BEGIN

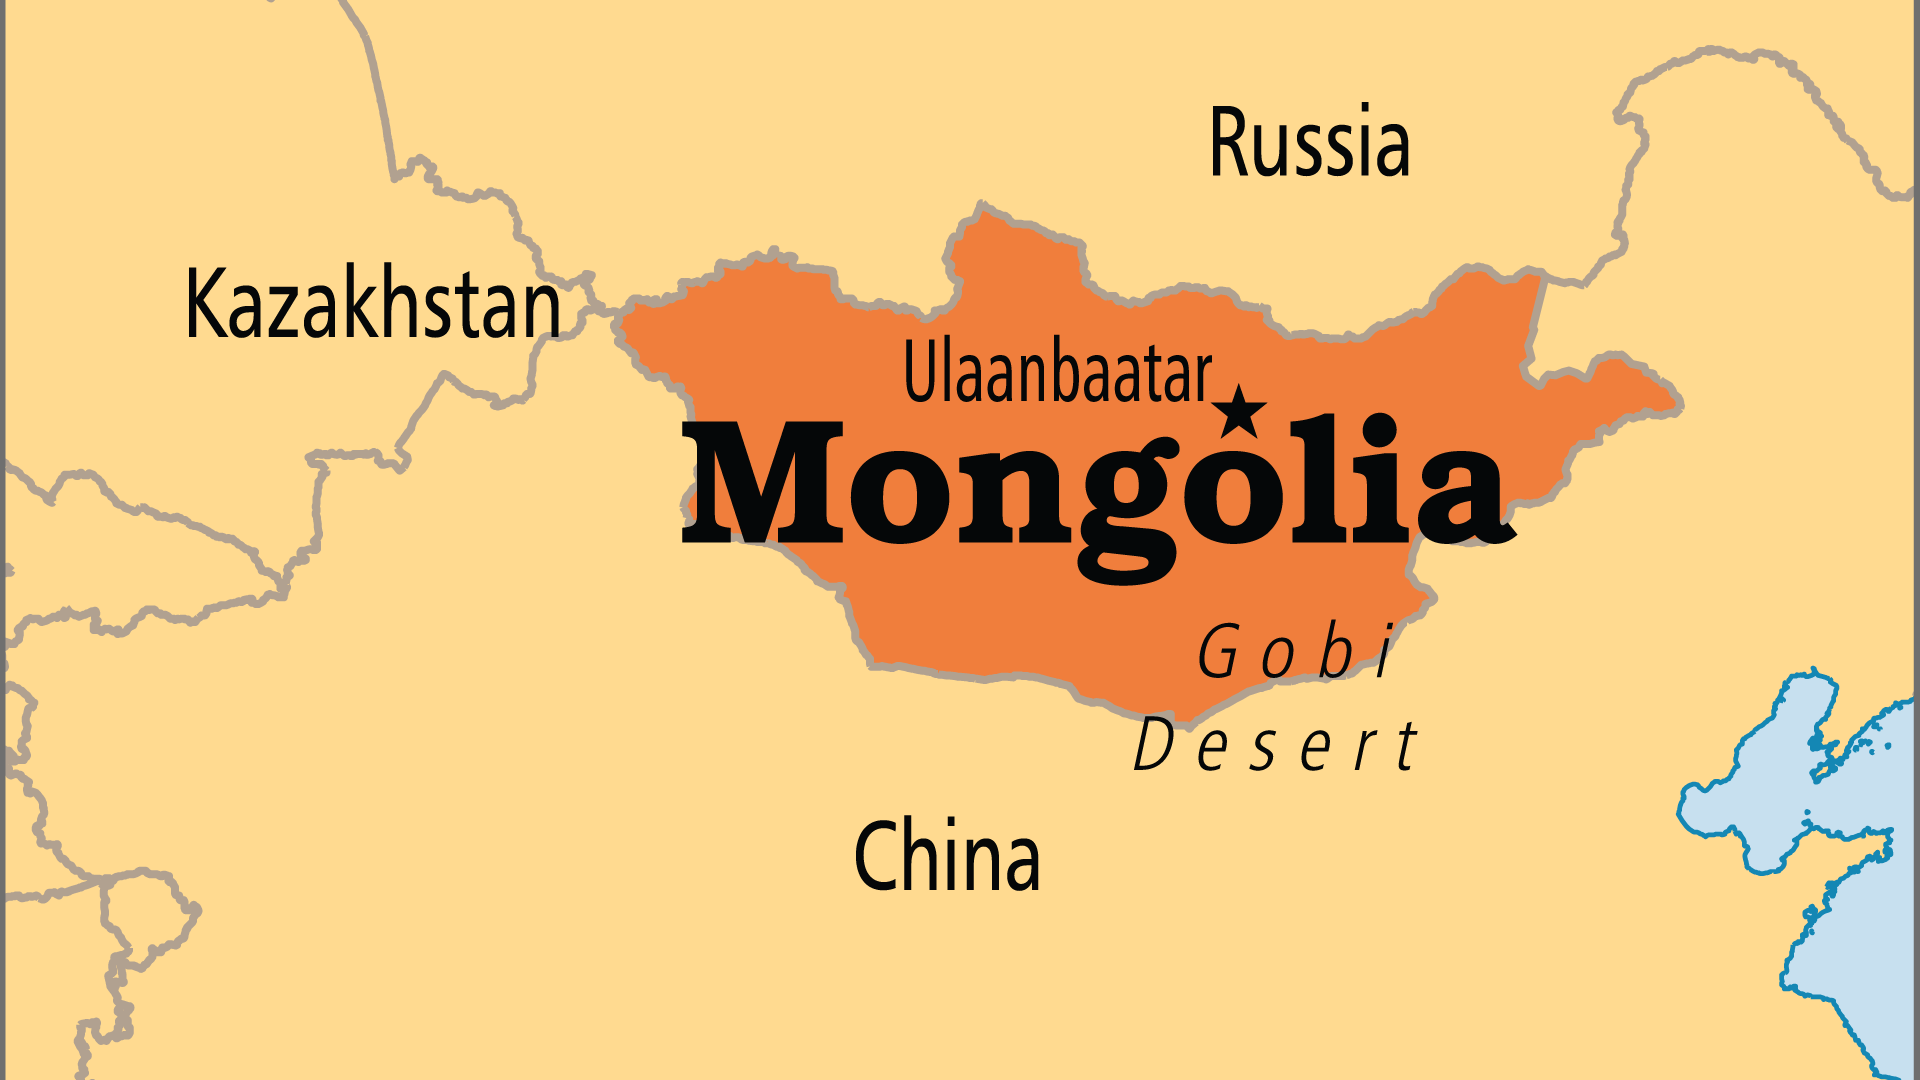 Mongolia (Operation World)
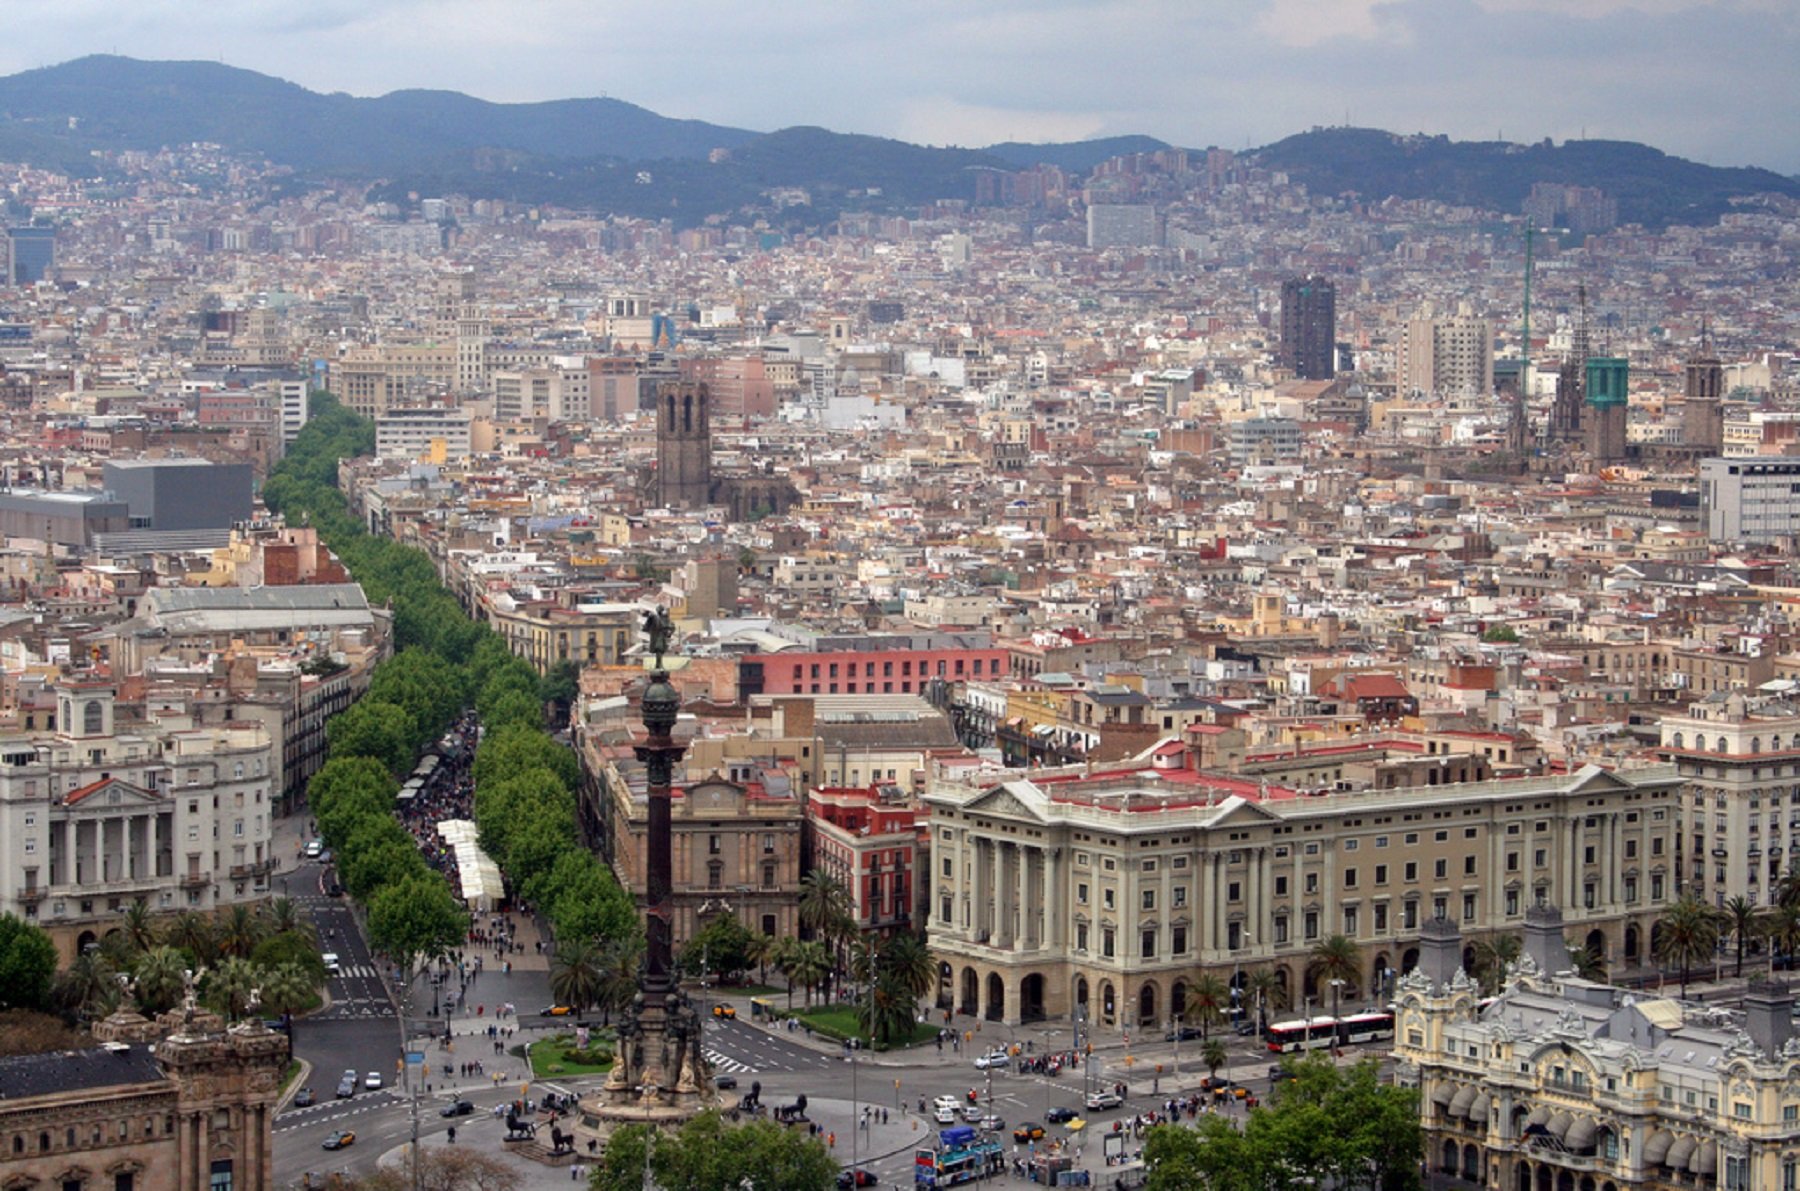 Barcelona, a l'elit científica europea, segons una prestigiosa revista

END
BEGIN

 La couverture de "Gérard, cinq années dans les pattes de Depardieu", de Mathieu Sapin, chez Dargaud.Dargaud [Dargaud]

END

◆ **WHAT NEEDS TO BE DONE**
With the pictures removed, print only the lines starting at the line that has "Mongolia (Operation World)" and ending at the line that has "Barcelona, a l'elit", both ends included, exactly as they stand above.

◆ **RESPONSE**
 Mongolia (Operation World)
 Barcelona, a l'elit científica europea, segons una prestigiosa revista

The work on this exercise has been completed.